WORK TASK:
Exactly retype the opening line of the entries and every line after it, ending with the line that contains "Panoramic view over". Skip all pictures.

Excerpts from a dataset:
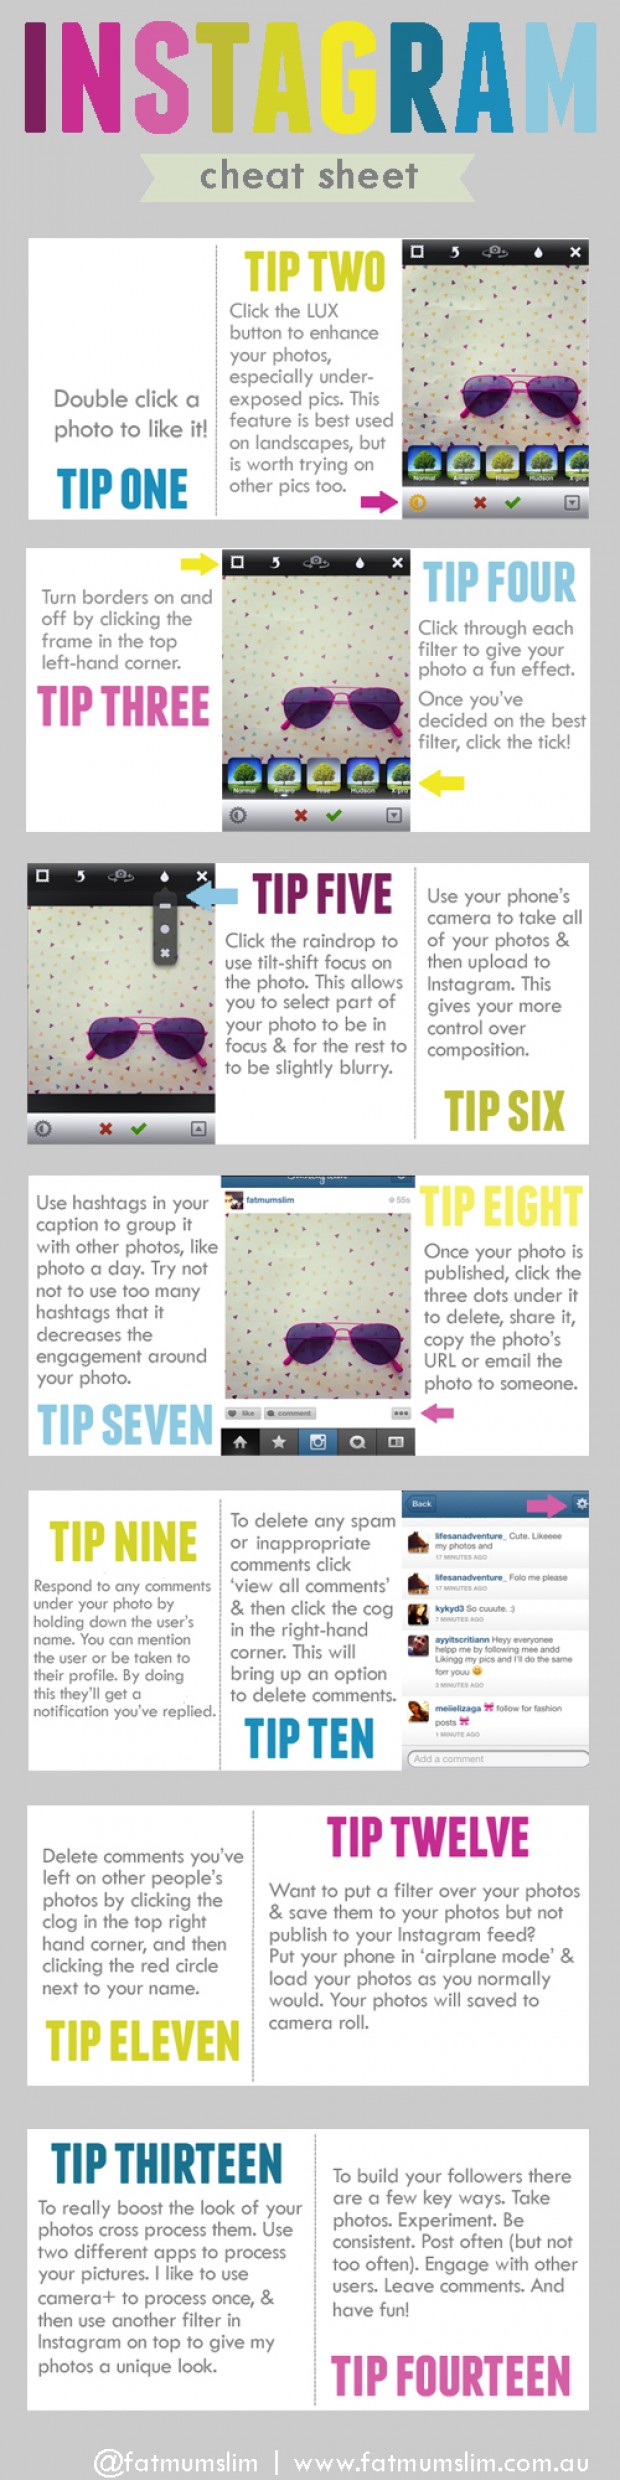 14 Great Instagram Tips and Tricks
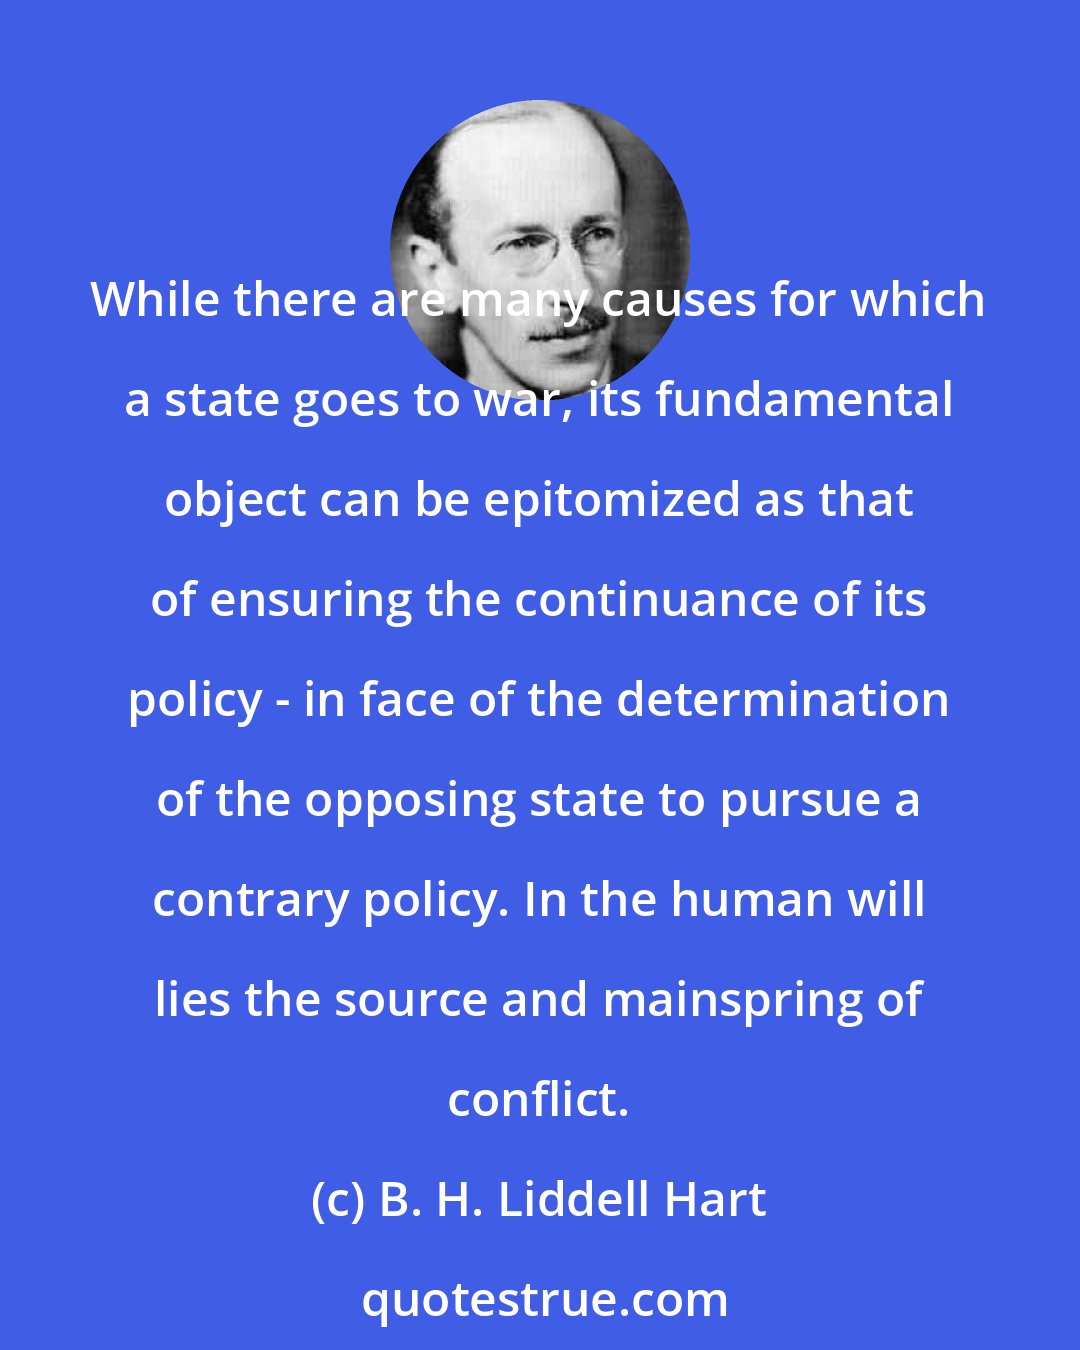 B. H. Liddell Hart: While there are many causes for which a state goes to war, its fundamental object can be epitomized as that of ensuring the continuance of its policy - in face of the determination of the opposing state to pursue a contrary policy. In the human will lies the source and mainspring of conflict.
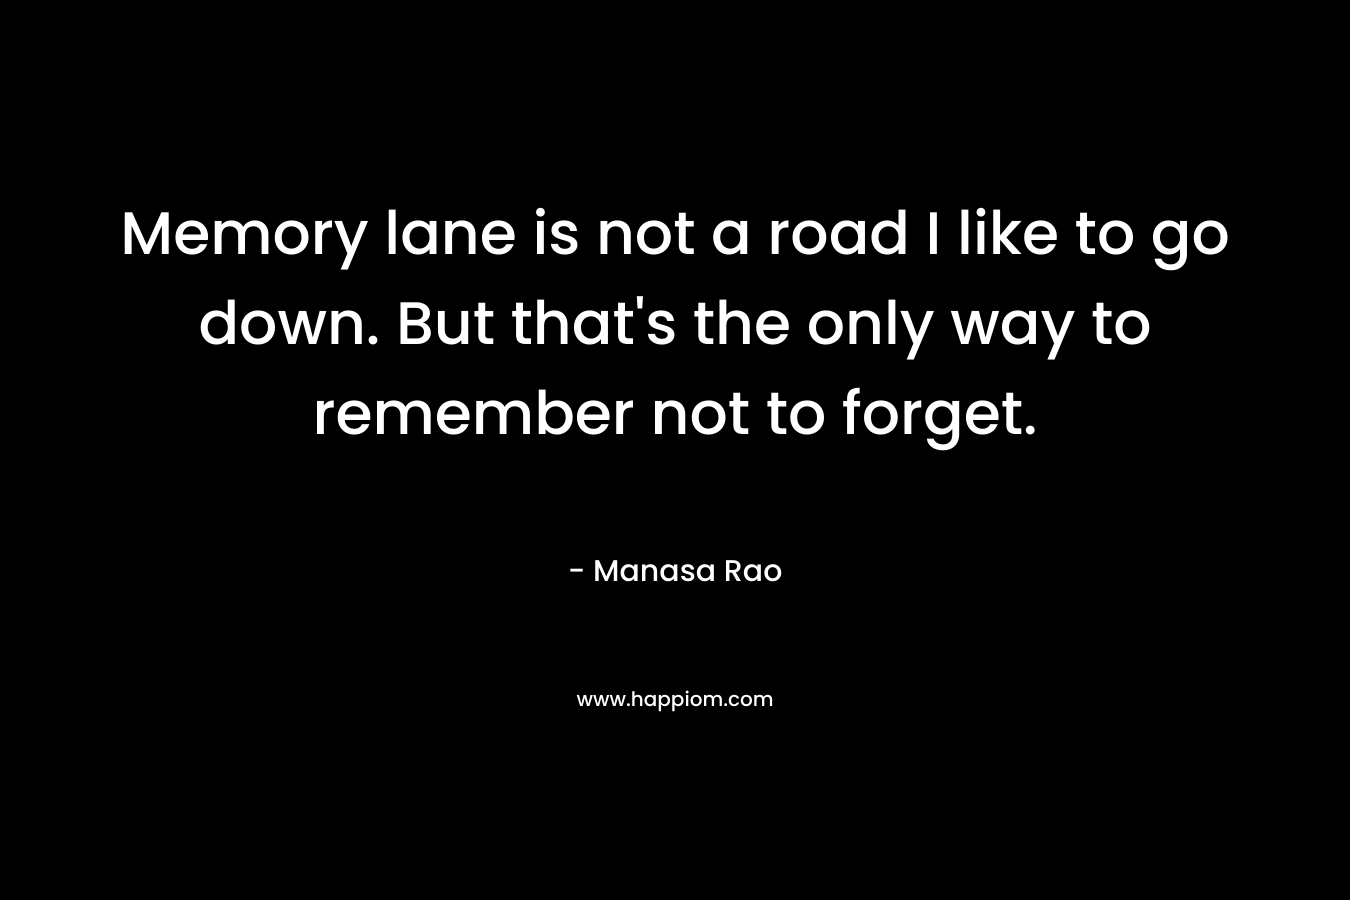 Memory lane is not a road I like to go down. But that's the only way to remember not to forget.
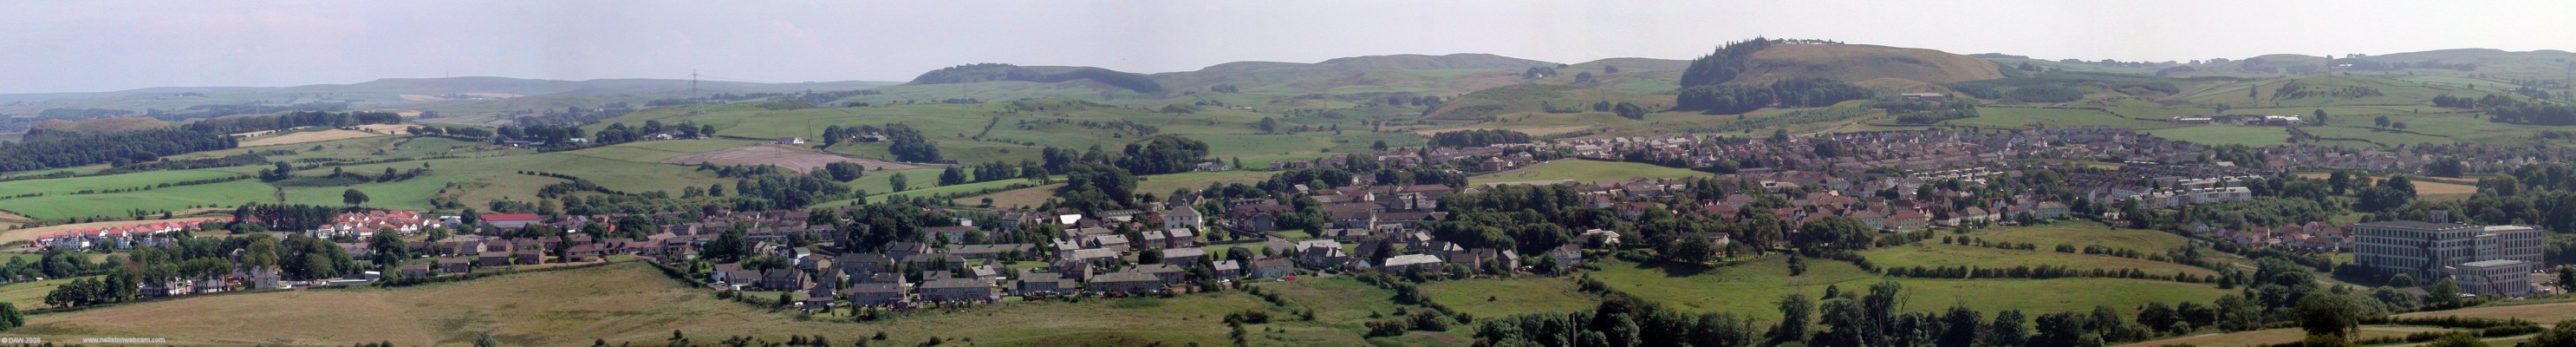 Panoramic view over looking Neilston from the Fereneze Hills
Taken in 2005 this view point shows how the village has developed over the years with the oldest part around the Church followed by the mill and the terraced houses above and all the later developments in between with the latest at the edges.  [url=http://www.streetmap.co.uk/streetmap.dll?G2M?X=247715&Y=658600&A=Y&Z=3/]Map location[/url]

TASK SOLUTION:
 14 Great Instagram Tips and Tricks
 B. H. Liddell Hart: While there are many causes for which a state goes to war, its fundamental object can be epitomized as that of ensuring the continuance of its policy - in face of the determination of the opposing state to pursue a contrary policy. In the human will lies the source and mainspring of conflict.
 Memory lane is not a road I like to go down. But that's the only way to remember not to forget.
 Panoramic view over looking Neilston from the Fereneze Hills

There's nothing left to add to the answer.